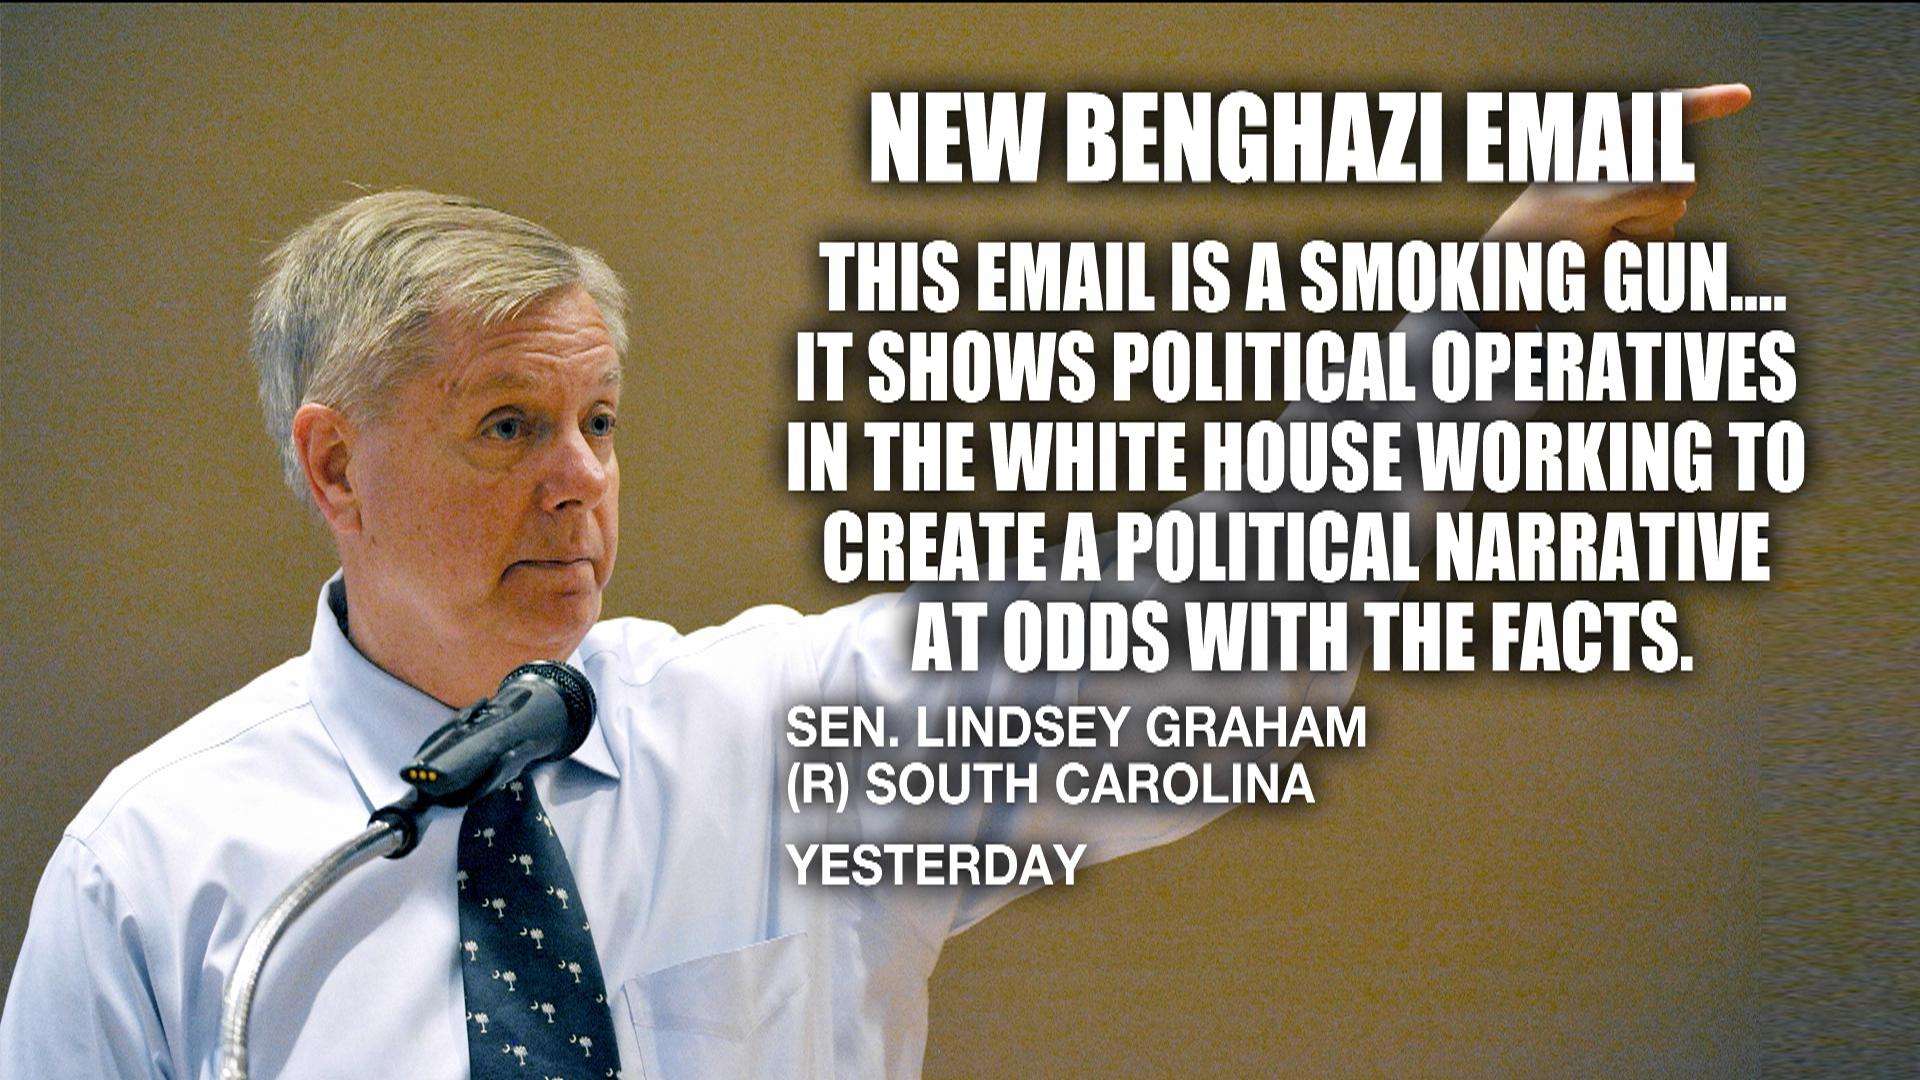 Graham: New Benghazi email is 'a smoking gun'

...

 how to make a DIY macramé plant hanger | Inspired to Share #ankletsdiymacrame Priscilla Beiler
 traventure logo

Instructions for the task: Everything above from the line containing "how to make" through the line containing "traventure logo" must be copied exactly. Nothing outside that range belongs in the answer.

Answer space:
 how to make a DIY macramé plant hanger | Inspired to Share #ankletsdiymacrame Priscilla Beiler
 traventure logo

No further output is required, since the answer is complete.